Restoration Ecology (Impact Factor: 1.84). 10/2009; 17(6):784 - 795. DOI: 10.1111/j.1526-100X.2008.00414.x


The montane ecosystems of northern California have been subjected to repeated manipulation and active fire suppression for over a century, resulting in changes in community structure that contribute to increased wildfire hazard. Ecosystem restoration via reduction of stand density for wildfire hazard mitigation has received substantial attention in recent years; however, many ecological questions remain unanswered.

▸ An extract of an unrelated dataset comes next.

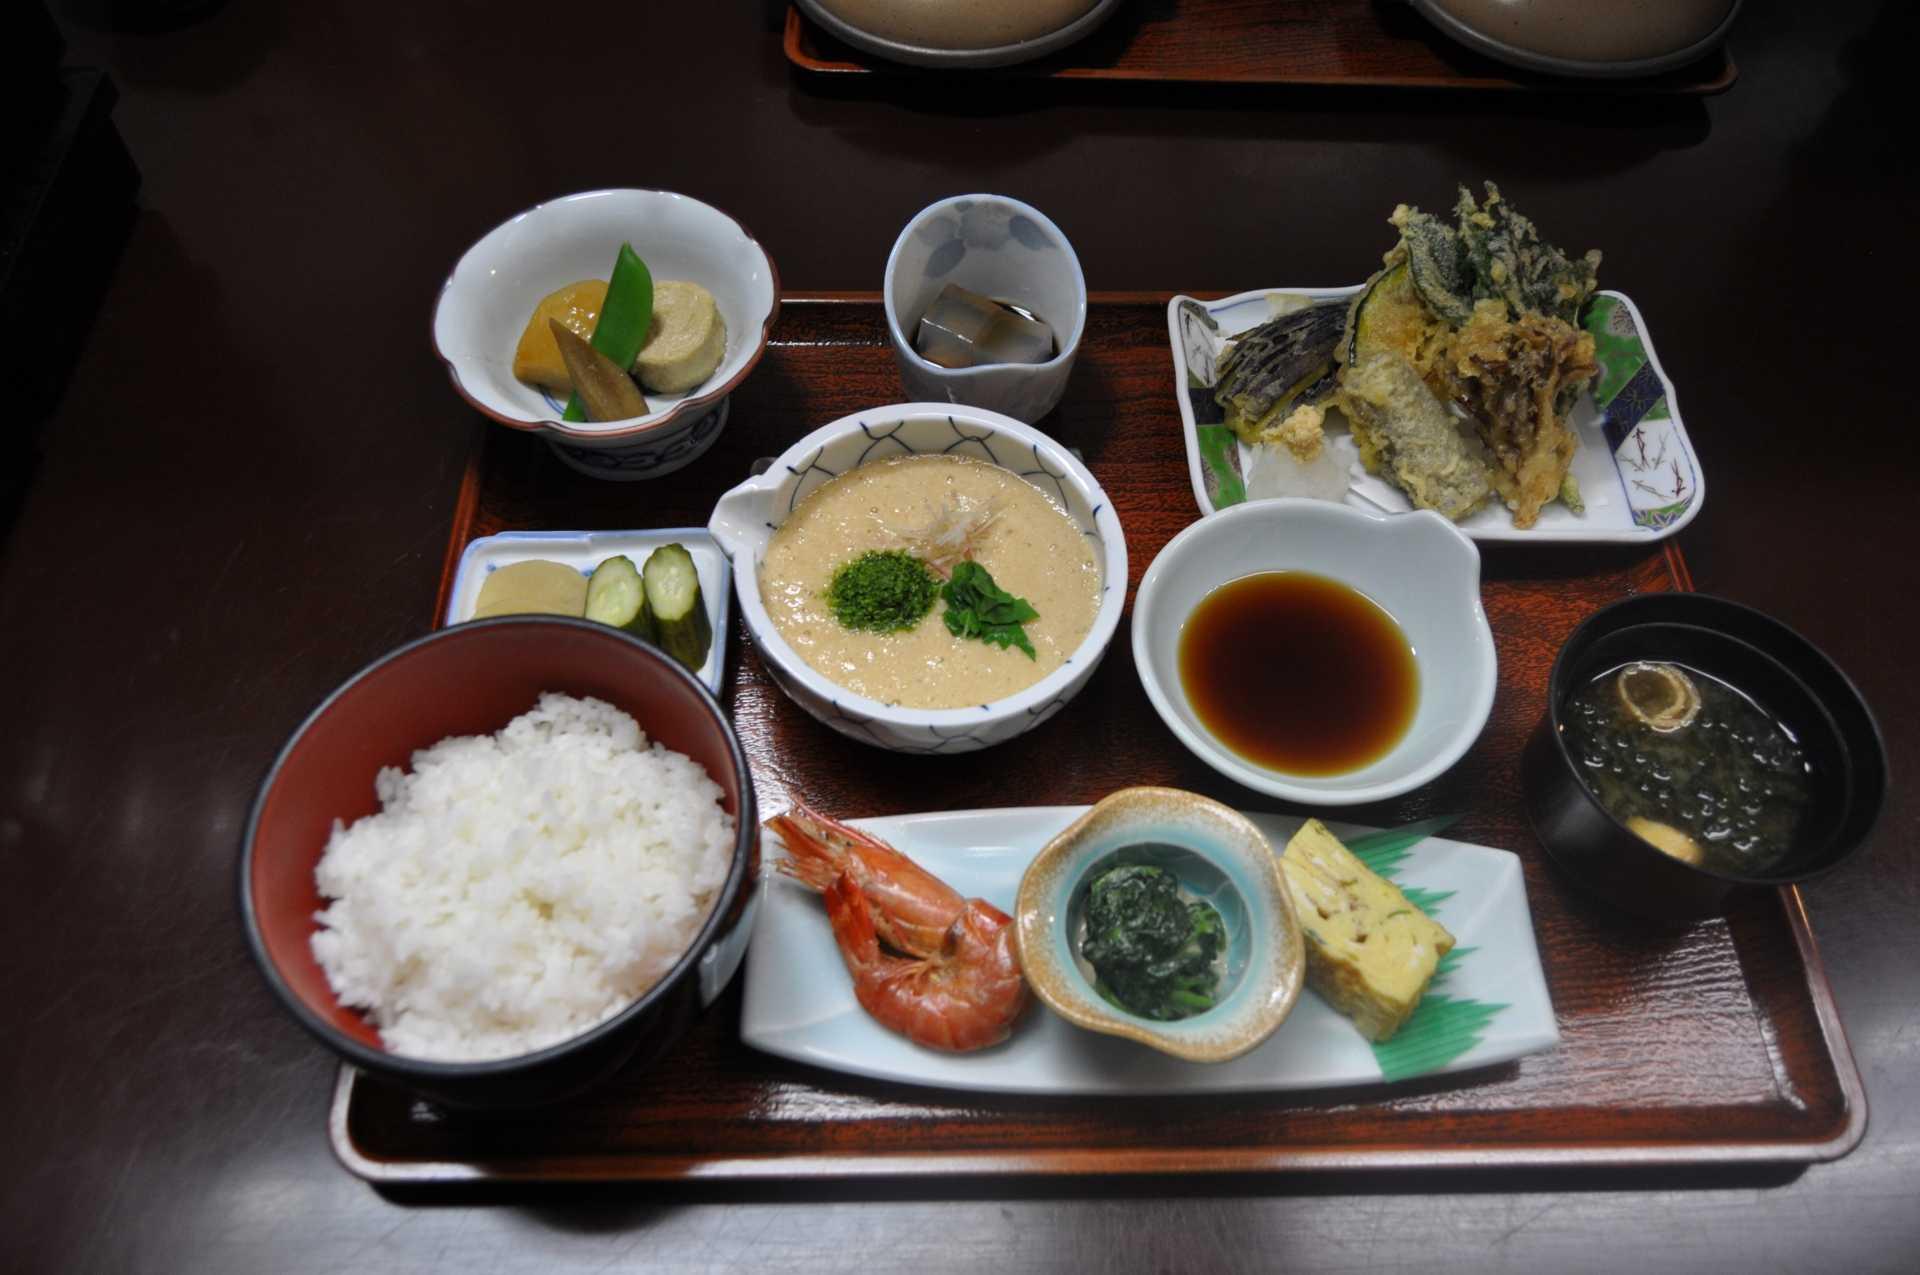 箱根山とろろ飯御膳

This study compares belowground effects of two alternative forest thinning treatments designed to restore the large, old tree component of late-seral structure, one of which focuses on restoring Pinus ponderosa dominance (Pine-preference) and the other of which promotes development of large trees regardless of species (Size-preference). We evaluated forest floor and soil chemical and microbial parameters in six experimental thinning treatment units of 40 ha each in the Klamath National Forest of northern California 5–6 years after thinning. Inorganic N availability, soil organic C content, phenol oxidase activity, and forest floor C:N ratio were greater in the Size-preference treatment, whereas forest floor N and soil pH were greater in the Pine-preference treatment. Our results indicate that these two thinning strategies produce differences in the soil environment that has the potential to affect growth rates of trees that remain, as well as the growth and survivorship of newly established seedlings. Thus, which species/individuals are removed during structural restoration of these mixed-conifer forests matters both to the belowground components of the ecosystem today and the vegetation and productivity of the ecosystem in future decades.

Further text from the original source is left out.